All that should be output is the block of lines below from the line with "(Color : V)" to the line with "34 trạm y tế", both included, exactly as written.

→ Data for this task

-=-=-

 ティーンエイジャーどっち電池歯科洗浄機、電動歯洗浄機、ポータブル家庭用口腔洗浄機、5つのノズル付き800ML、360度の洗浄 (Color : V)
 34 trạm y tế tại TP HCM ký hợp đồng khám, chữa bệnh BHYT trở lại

-=-=-

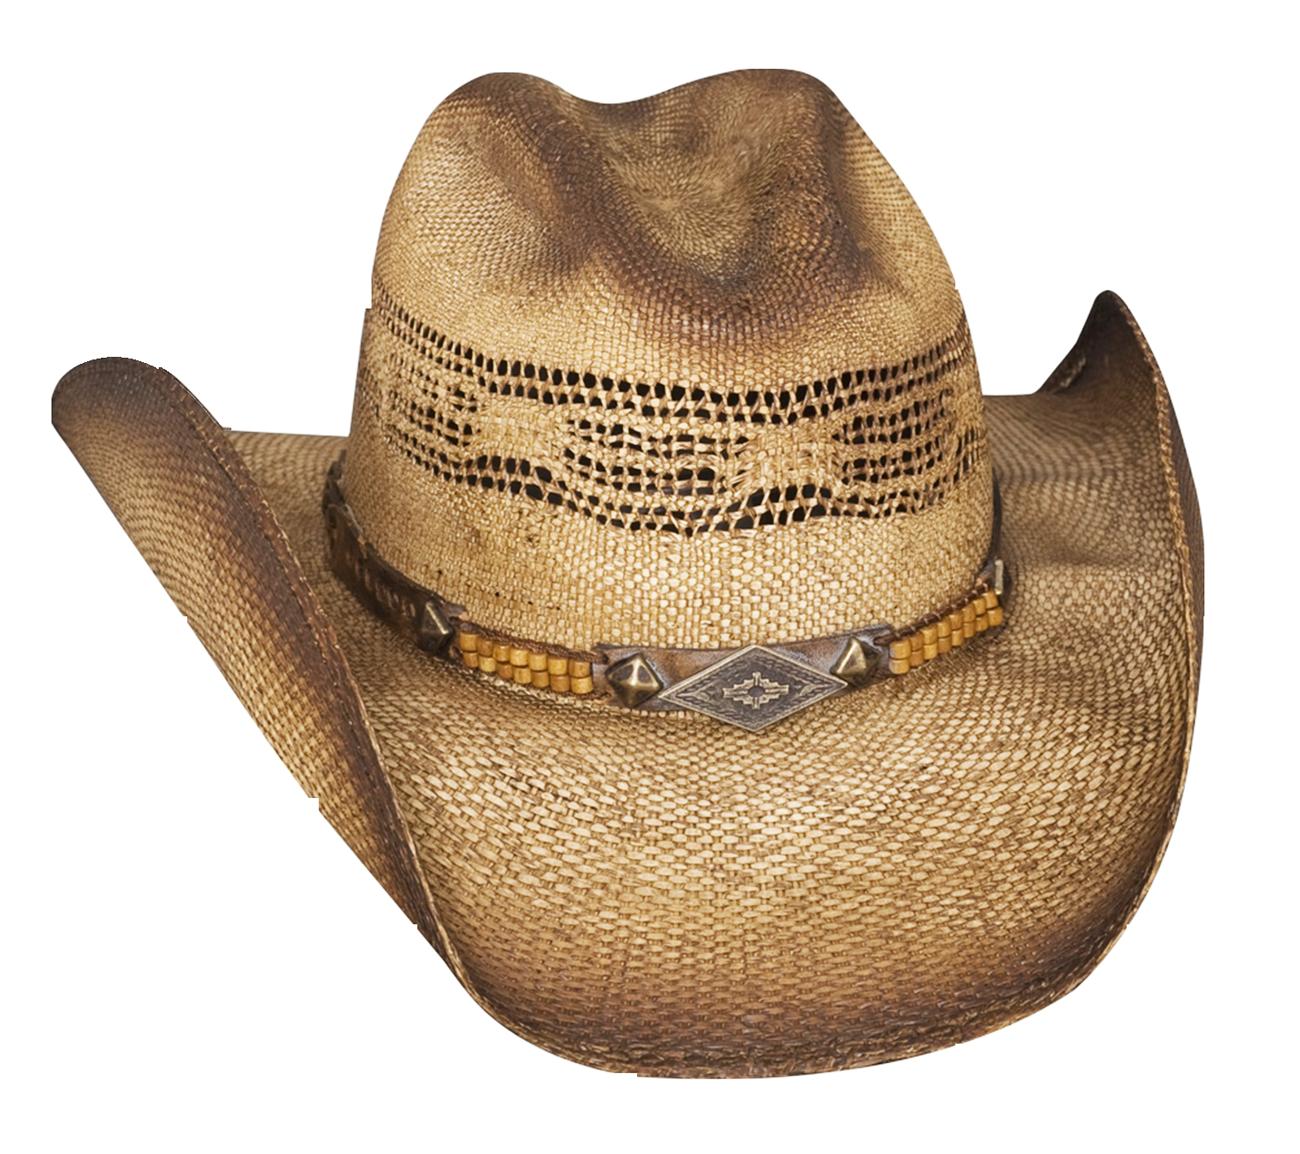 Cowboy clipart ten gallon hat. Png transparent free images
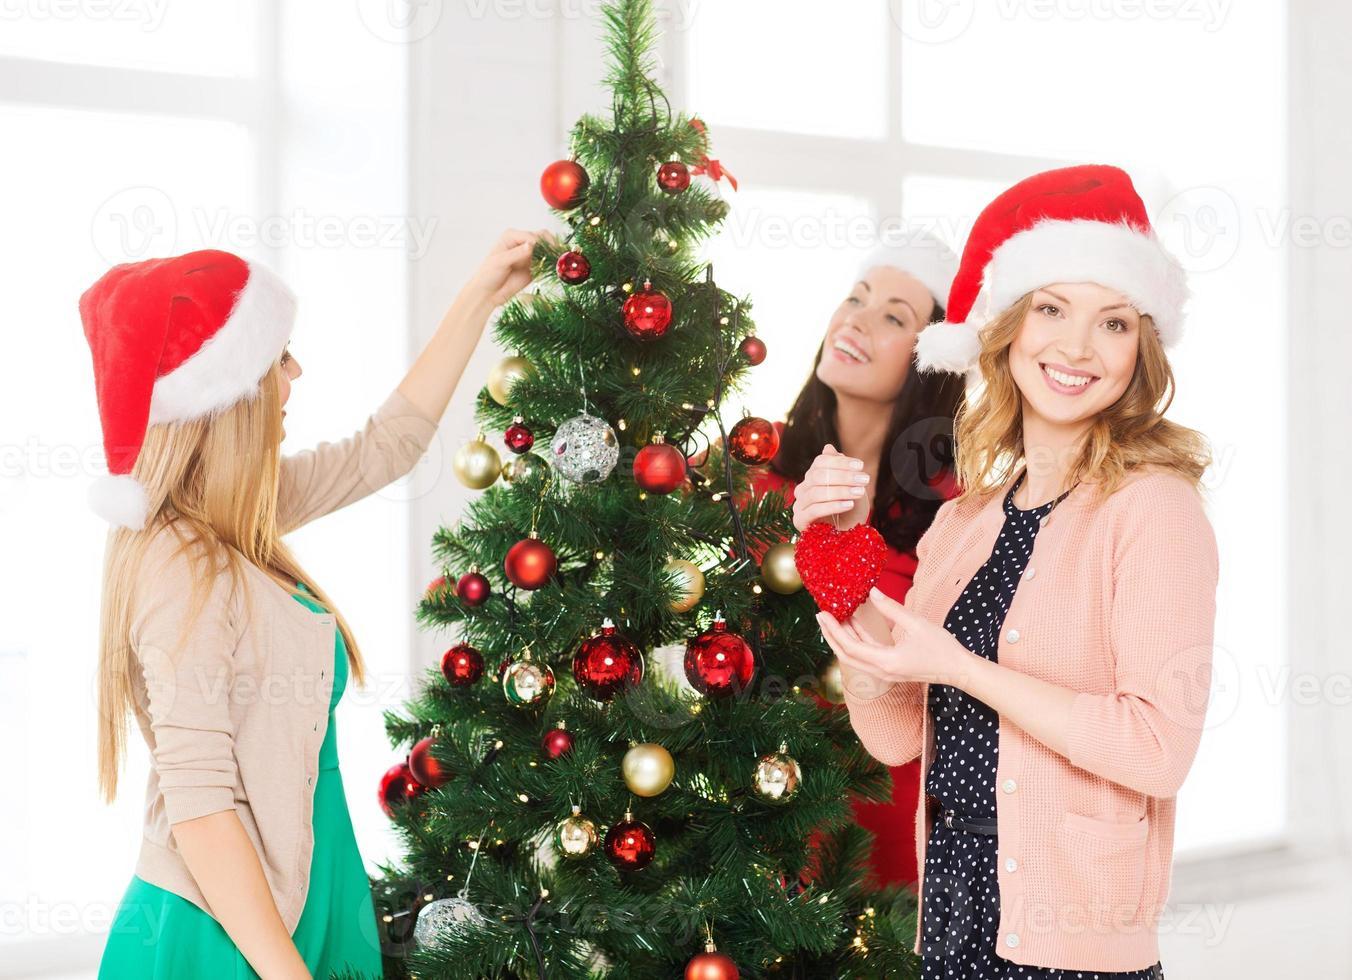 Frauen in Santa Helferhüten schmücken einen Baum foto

-=-=-

→ Task solution
 ティーンエイジャーどっち電池歯科洗浄機、電動歯洗浄機、ポータブル家庭用口腔洗浄機、5つのノズル付き800ML、360度の洗浄 (Color : V)
 34 trạm y tế tại TP HCM ký hợp đồng khám, chữa bệnh BHYT trở lại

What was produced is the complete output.